Traditional Chinese desserts are undergoing a renewed popularity even among the younger set in Hong Kong according to a recent story in the South China Morning Post. This resurgence comes from several local chains reinterpreting such classics as Taiwanese shaved ice, tang sui sweet soups and dou hua soft tofu pudding. Some have observed that the reinterpretation of these once old-fashioned sweets have lured the younger generation away from Western desserts.
Discussions about East Asian dessert can be polarizing―generally positioned in an East vs. West framework with hard sweets, rice cakes, tapioca, herbal jellies or sweet beans as Asian desserts and cakes, cookies, ice cream, chocolate or puddings as Western desserts. This notion has proliferated threads on food forums arguing why Asian sweets do not agree with the Western palate or how the concept of dessert does not exist in Asia. It is true that, historically, Asian sweets are considered more of snack than a specific course set aside to finish off the meal. And many of the sweets shops in Asia are directly influenced and modelled after bakeries and patisseries from the West. However, it is interesting to consider the ways in which these Western-style desserts have evolved and adapted to something Asian in its own right.

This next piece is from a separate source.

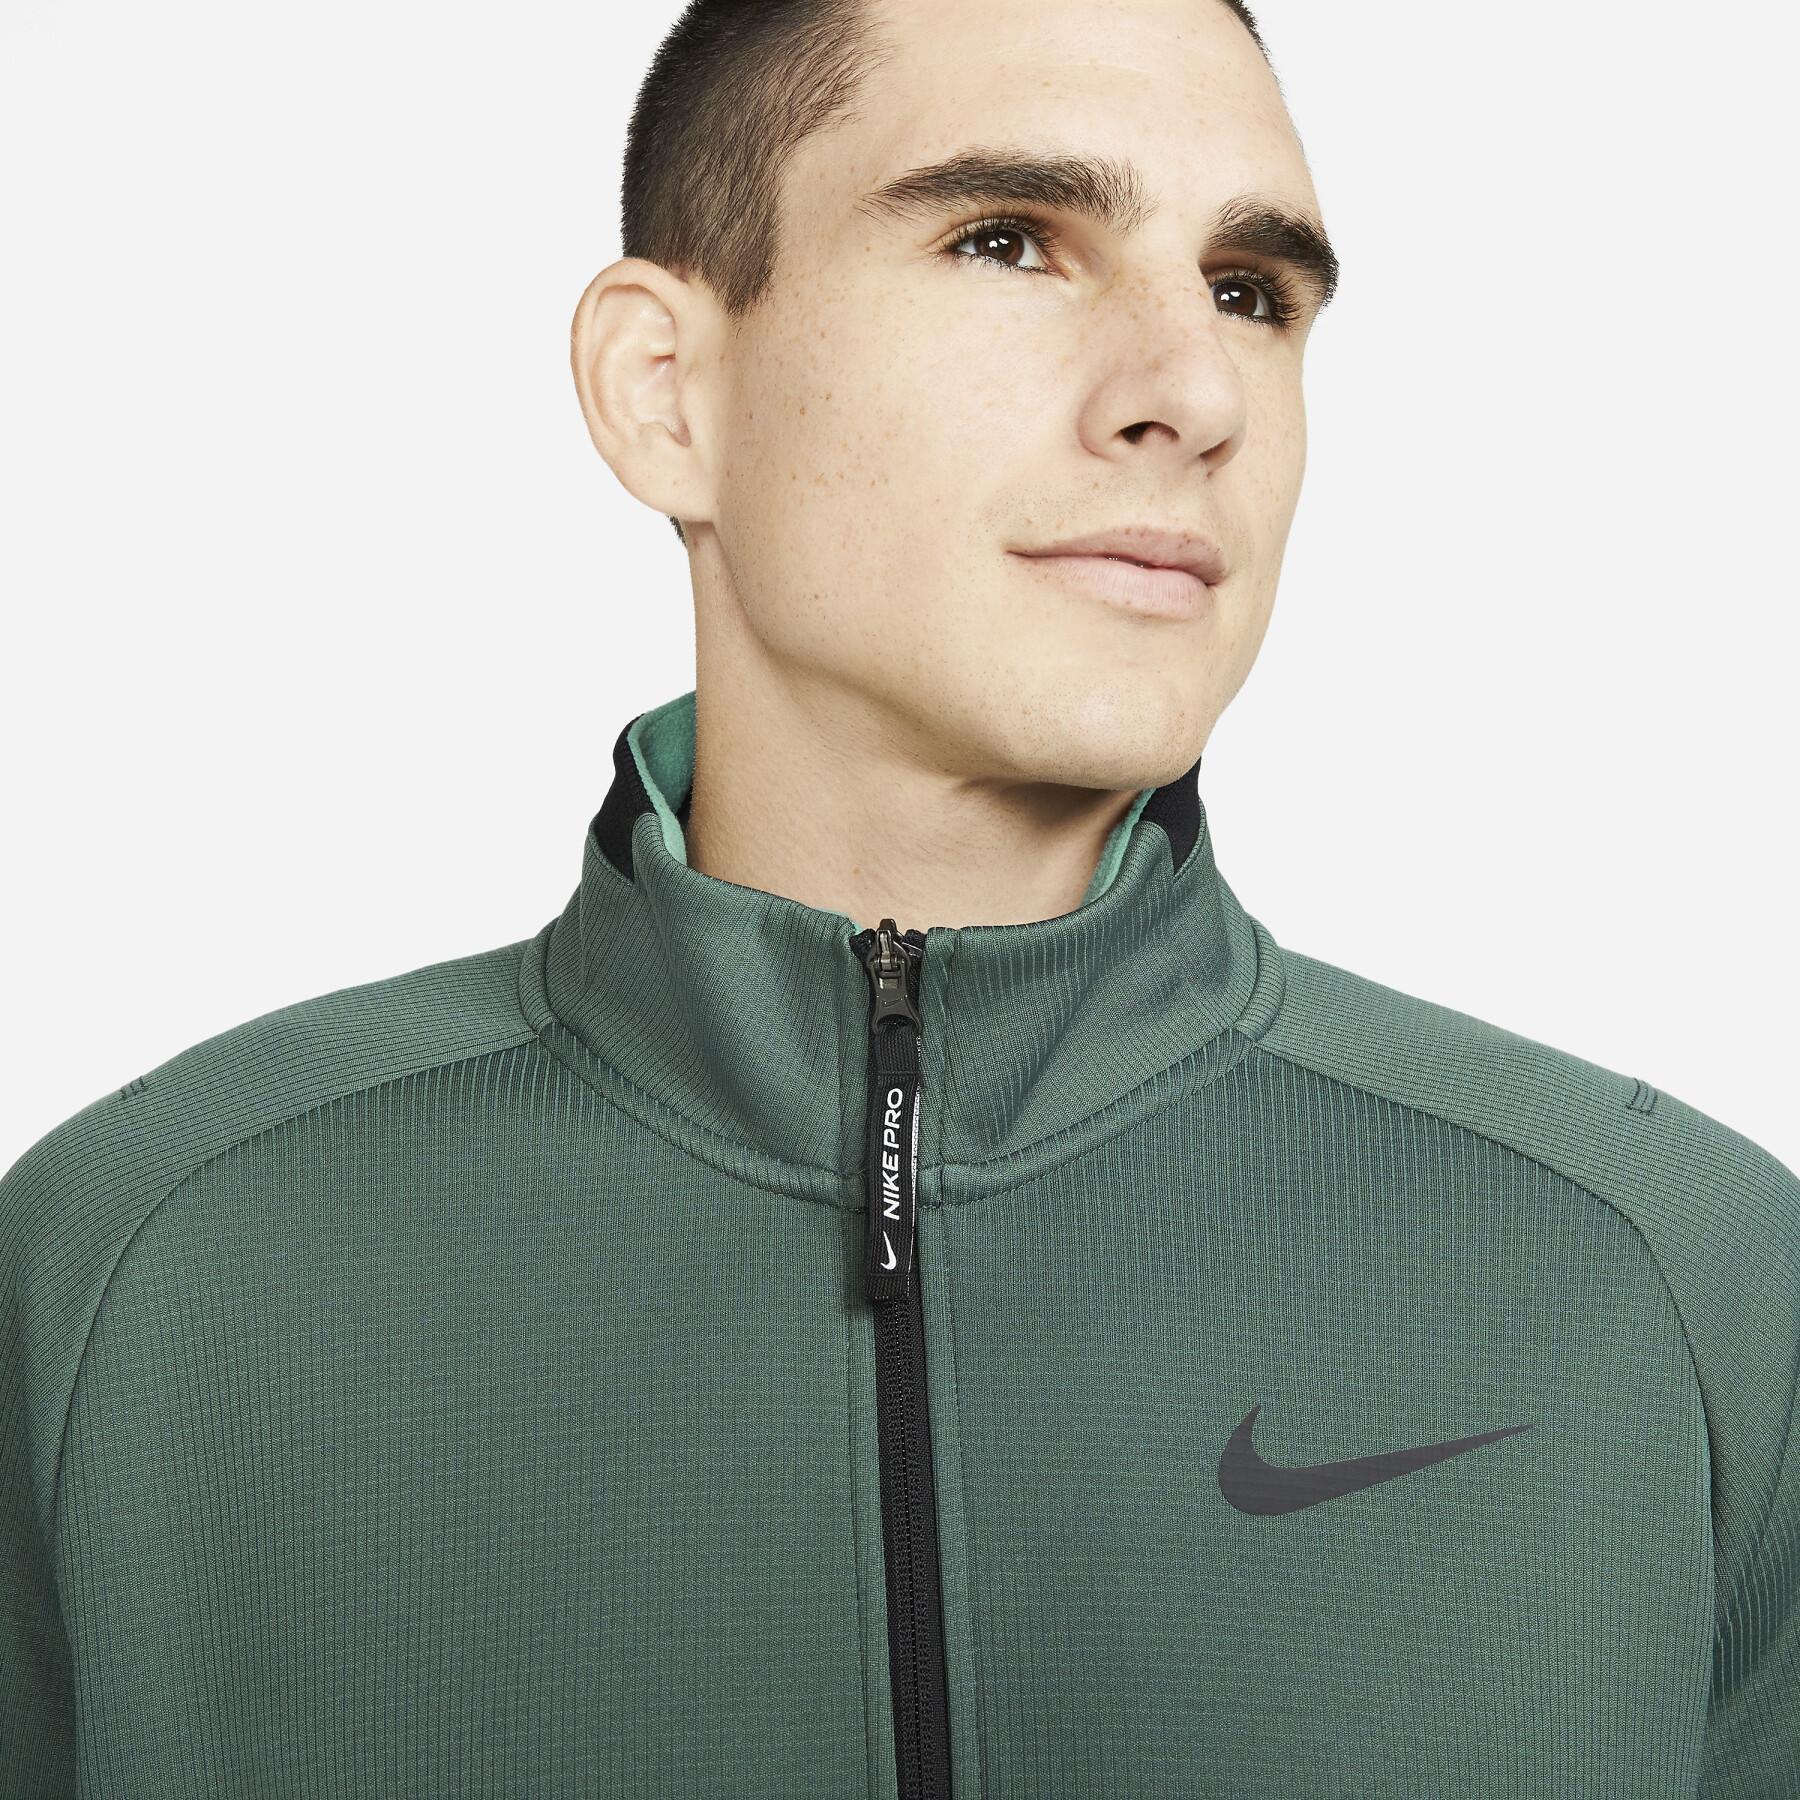 Sweat jacket 1/2 zip Nike Therma-Fit SPHR
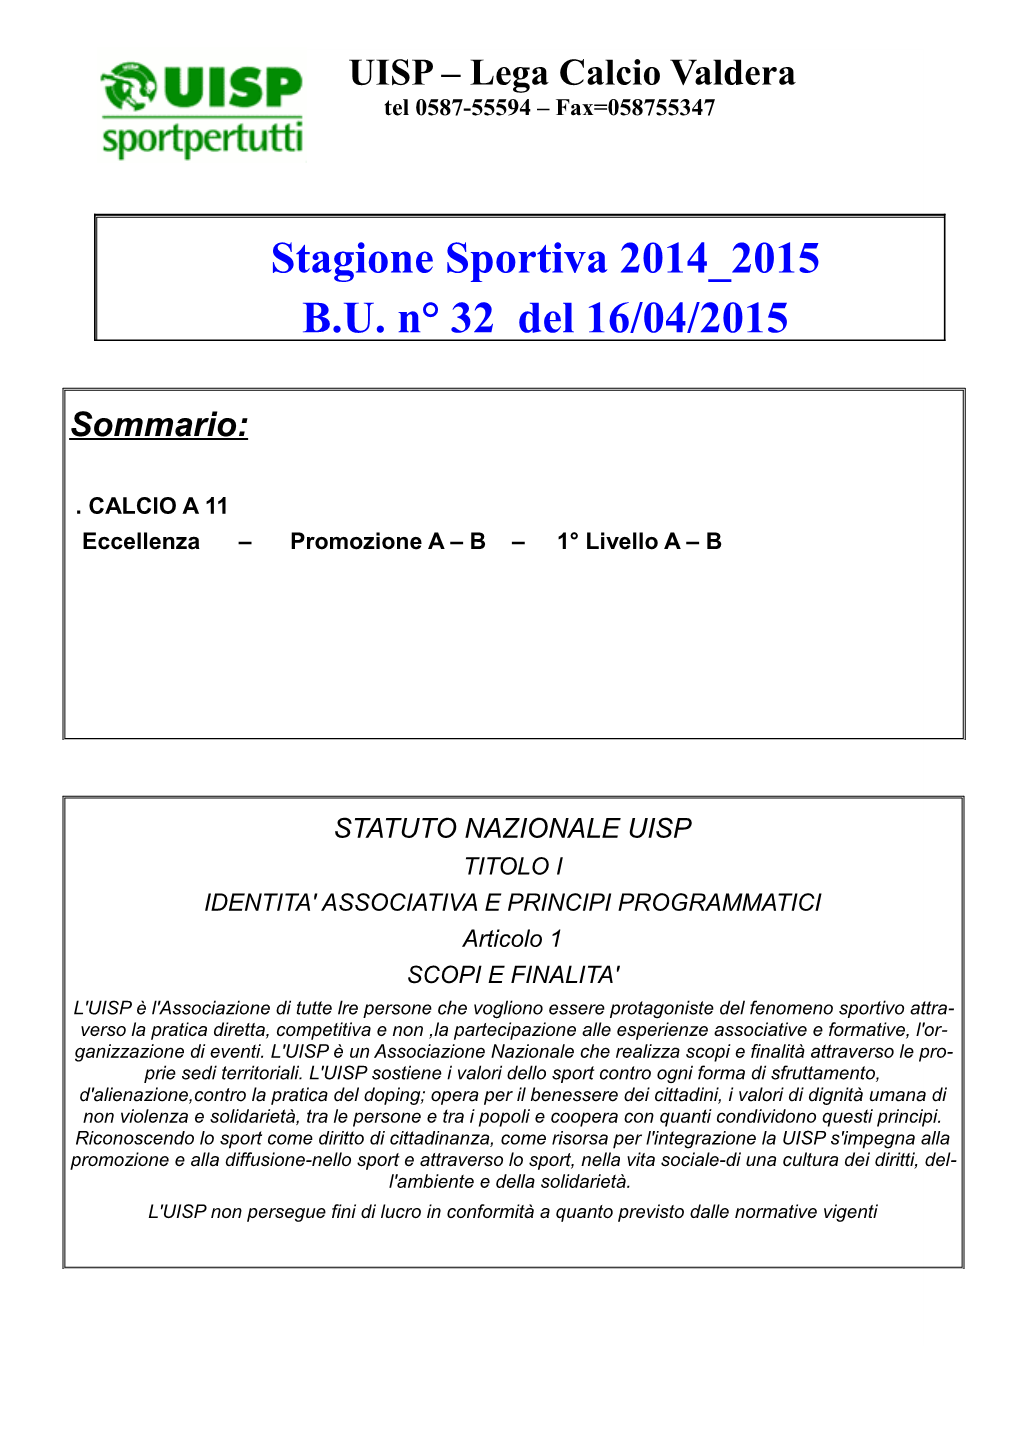 Stagione Sportiva 2014 2015 B.U. N° 32 Del 16/04/2015

One obvious example is the dan ta egg tarts which is a fixture of Hong Kong tea cafes ( cha chang ting ) and bakeries. The dan ta and its Macanese cousin, the pasteis de nata , originated from a traditional Portuguese custard pastry. However, over the past half century, the egg tart has evolved to become an iconic and celebrated dessert in Hong Kong and Macau―considered a distinct part of the local cuisine. Similarly, “paper-wrapped” cake became popular in Hong Kong during its years under British rule and came from the English sponge cakes served at tea time. Because butter was a prohibitively expensive product during colonial times, Chinese bakers substituted the ingredient with corn oil yielding simple airy cake that is considered uniquely Chinese.
In our research, we were surprised to learn that chocolate was introduced to Japan as early as 1614 following Japanese feudal lord Masamune Date’s trade mission to Seville, Spain. Creating sweets for the imperial family since the 16th century, the famed confectionary house Toraya has for centuries included chocolate as regular ingredient in their desserts such as the thickly jellied yokan flavoured with adzuki red beans and sweetened cacao. Royce, one of Japan’s leading chocolatiers, pioneered the technique of nama choko which is essentially a Japanese style of truffle made from mixture of melted chocolate and heavy cream. At the 2011 Salon du Chocolat in Paris, patissiers Susumu Koyama garnered titles with chocolates that incorporate ingredients such as fermented tofu or kuro shichimiseven-spice powder. Sadaharu Aoki, another prominent chocolatier, have made sweets incorporating matcha green tea, black sesame and sansho pepper flavours.
Ice cream made its first known debut in Asia circa the 7th century, enjoyed by King Tang of Shang in China. This frozen concoction made from fermented buffalo, cow and goat milk had little resemblance to the well-loved modern day treat. It is believed that the explorer, Marco Polo, introduced Chinese techniques for of making ice cream back to Italy where sherbets and milk ices became fashionable. However, quibbling over the origins of ice cream misses the point. This dessert is an example of how culinary ideas are passed from one culture to another so that they develop into unique iterations of culturally universal foods. In other words, neither the West nor the East can really claim ownership; we all scream for ice cream as the saying goes.
Many Asian countries have variant of an ice dessert which does not include cream or eggs, and instead relies on sweet syrups and condiments to flavour crushed or shaved ice. Ice kachang from Malaysia is one example where grated ice is packed into a ball with aloe vera jelly, red beans, sweet corn and attap chee (palm seeds) with brightly-coloured syrup and condensed poured on top. For Taiwanese tsua bing , a snowy mound of finely shaved ice is covered by a combination of fruit, sweet beans, tapioca, sweetened nuts, jellies or other toppings mixed with condensed milk to create the slushy texture of ice milk. The Korean patbingsu is yet another variant of shaved ice with a different mix of toppings. It is deconstructed form of ice cream wherein the ice is merely the vehicle for a myriad of flavours and texture.
These are but a few examples. The dessert culture in Asia has developed differently in each city far beyond that “East-meets-West” cliché. The idea that Cantonese desserts are making a comeback is premised on the notion that these so-called old-fashioned sweets became ever became unpopular to begin with. If anything, love for traditional Asian dessert flavours are and have been stronger than ever, incorporating them as elements of cakes, ice cream, chocolate, or what is generally categorised into Western-style dessert. We invite our readers to think of other examples of desserts and the subtle differences that make them uniquely Asian.